Monday, December 21, 2009

Mired in the One-and-Twenty

I don't remember the 1980s - not really. Born as I was in 1982, and at the tail end of it, what I recall of the decade is isolated flashes, swatches of darkness and light, events that were significant to a child but none that give me perspective today. My first strong memory of the greater world outside of home was Operation Desert Storm, the opening of war against Iraq in January 1991. But I can look back at what was produced at the end of the decade, and when I do, I take from 1989 a sense of optimism. The Cold War had ended, the future seemed wide-open, and technology would transform the world for the benefit of all. Fusion, cold or otherwise, tended to crop up as one of the big game-changers.
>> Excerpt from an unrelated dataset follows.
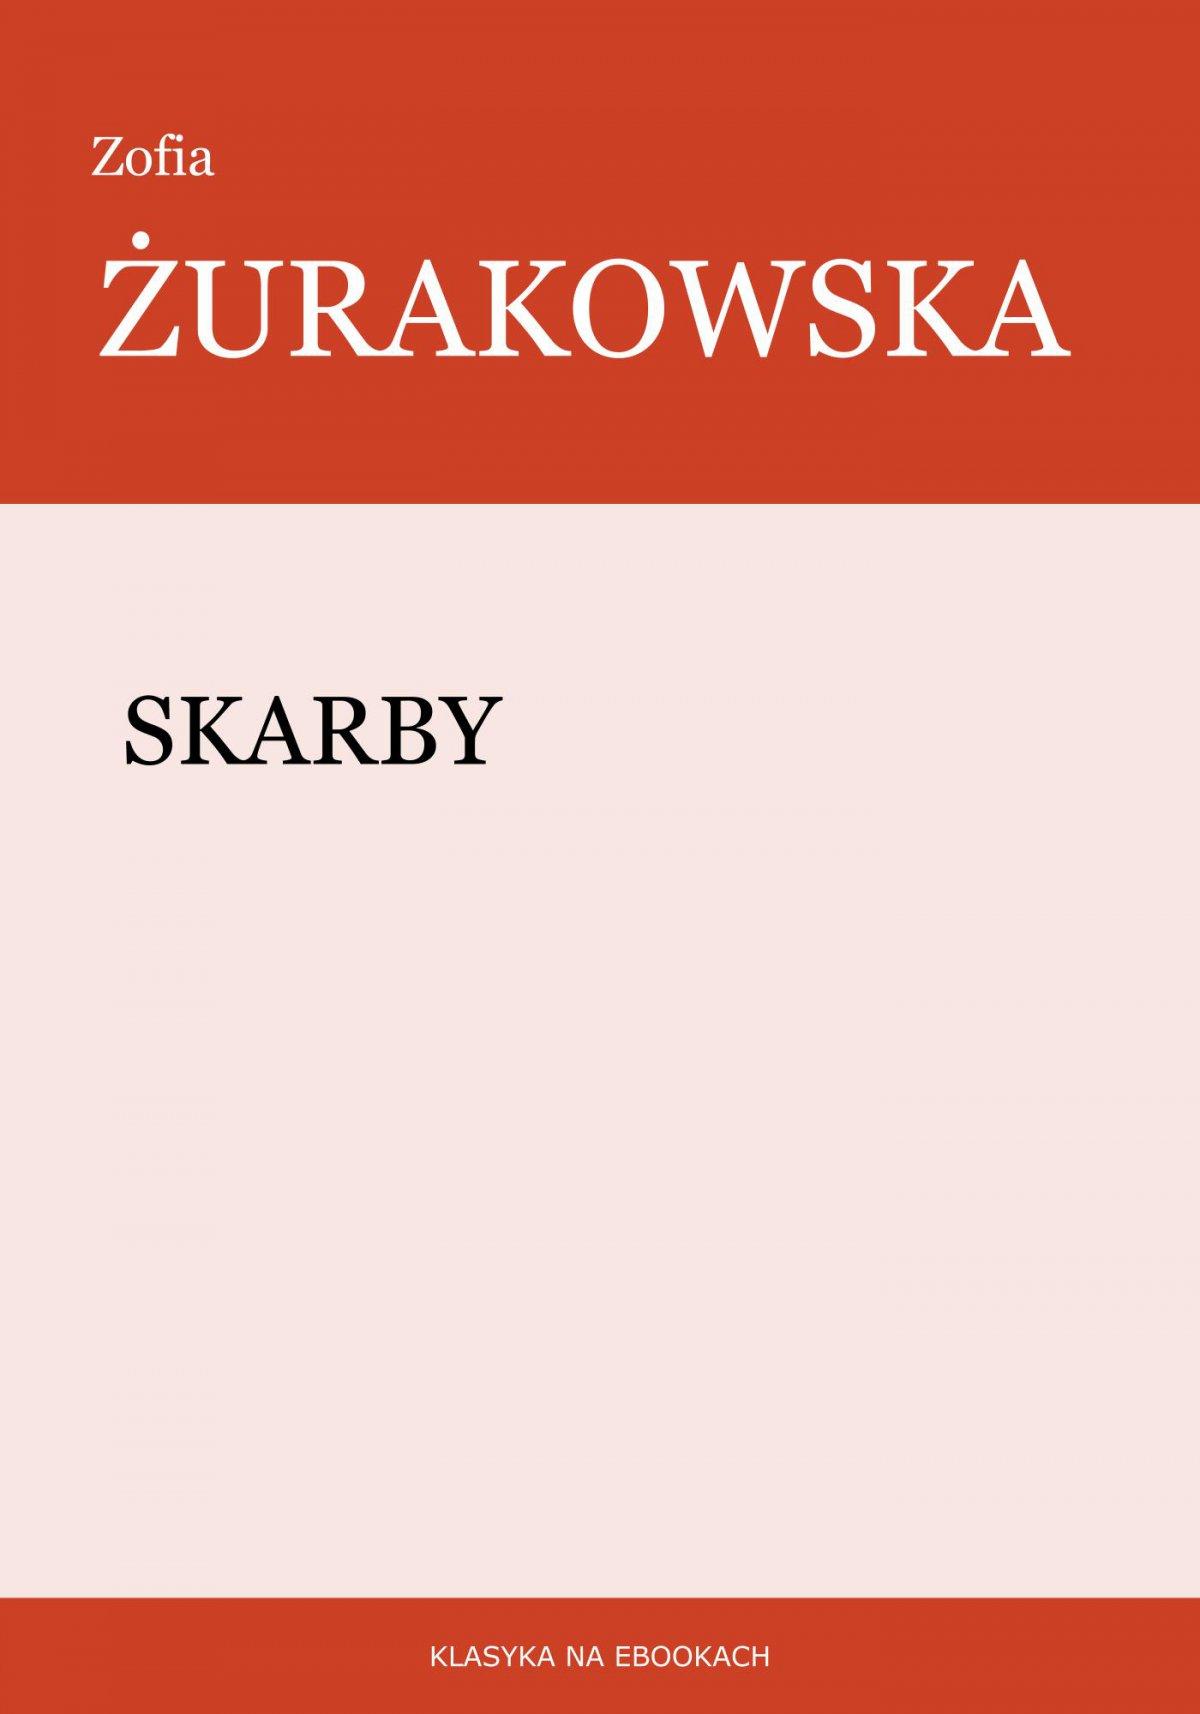 Skarby - Ebook (Książka na Kindle) do pobrania w formacie MOBI

Ten years later, in 1999, the West was flush from the collapse of the Soviet Union and the ensuing vacation from history which was the 1990s. The world was getting more prosperous by the day, it seemed, and liberal democracy had built a foundation that would weather any storm. The twenty-first century was upon us, and through it anything would be possible. I mean, look at it! It's the TWENTY-FIRST CENTURY! It's where all the hoverboards and robot buddies and starships and dashing hero captains live! We'd made it fifty years with nuclear weapons without reducing the world to a cinder! Aside from a bit of existential dread about Y2K, I remember 1999 as a time to be optimistic about the way ahead.

Today, in 2009, the game is different, and I don't think it's just me. TIME Magazine called the last ten years the Decade from Hell - I prefer "Decade of Broken Dreams," even though some people think it's an excessively purple term. We've seen the twenty-first century, and been blinded by the glare; tasted its fruit, only to have it turn to ashes in our mouths. I can't think of another decade that's ending on as sour a note as this one; of the future ever seeming so dark, I'd have to wear night-vision goggles.

For decades, the twenty-first century was implicitly the great beyond, the city on the hill, and there was no alternative to it being a good and decent place where technology would work miracles and all our petty twentieth-century problems would be solved. It was the gateway to the Grand and Shining Future. After all, the crew of the Enterprise didn't have to worry about nuclear war or STDs or poverty in Africa. This was supposed to be the time where we made the first steps toward solving the problems that have bedeviled humanity since the beginning.

Ten years, and we've hardly started. What these ten years have taught us is not only that things are worse than we thought, and getting worse faster than we thought they could get, but that people don't even believe things are getting bad - as if the slow death of the Arctic ice cap or the rising concentration of carbon dioxide in the atmosphere or the ticking timebomb that is the tens of billions of tons of greenhouse gases in melting northern permafrost is on the same plane as the question of whether or not the Shroud of Turin is genuine. Then again, it's hard to care about the environment when you've been fired or laid off or made redundant or what have you and you don't know where you're going to find money for food or rent.

For me, the promise of a better future seems, for now, to be hollow. Maybe in 2019, we'll have found new reasons to hope for a better tomorrow.

1 comment:

  1. Hi Andrew,

    I almost wrote this on Randy's blog, but I'll go straight here instead. Hope you don't mind.

    This post gets the popular atmosphere of the late eighties and early nineties entirely wrong. By inventing a reality that didn't exist, it discredits its own argument and the pessimism behind it.

    The early 1990s were not an optimistic time. It was the time of books titled "America, What Went Wrong?" It was when Canadians worried about a multi-year recession and a permanent decline in their standard of living. It was when grunge music and gangsta rap arose and dominated the airwaves.

    This isn't simply my recollection. The single best book that captures the era is Michael Elliott, The Day Before Yesterday: Reconsidering America's Past, Rediscovering the Present.

    (Canadians were even more pessimistic, and for good reason. The prolonged economic meltdown was far worse than today's.)

    Was there a big decline in optimism between 1989 and 1994? Not really, not on this side of the Atlantic. Doonesbury had a lot of fun satirizing the lack of celebration with the end of the Cold War. Why the lack of celebration? Well, Americans worried about crime and racial tensions --- both worries seem almost quaint today --- and "declinism" ruled the intellectual waves. Living standards had been stagnant, the fear of deindustrialization (at the hands of the Japanese) was very real, and there was a sense that the nation was falling apart.

    Of course, all that shows up in the science fiction of the time. Maybe not quite as depressing as the 1970s, but depressing. Jack Womack would be my favorite.

    I understand what you're trying to get at: you're pessimistic, you're more pessimistic than you were ten years ago, and you're pessimistic mostly about the environment. That I understand. And it is true that the late 1990s were quite the optimistic age.

    But it is wrong to just invent a zeitgeist for the late 1980s and early 1990s in order to reinforce your point. It actually discredits it, and it makes you seem a little, well, young. It is never a good idea to conflate your own idiosyncratic attitudes with the zeitgeist (great word, that) unless you're positively sure that you've got your finger on the public pulse.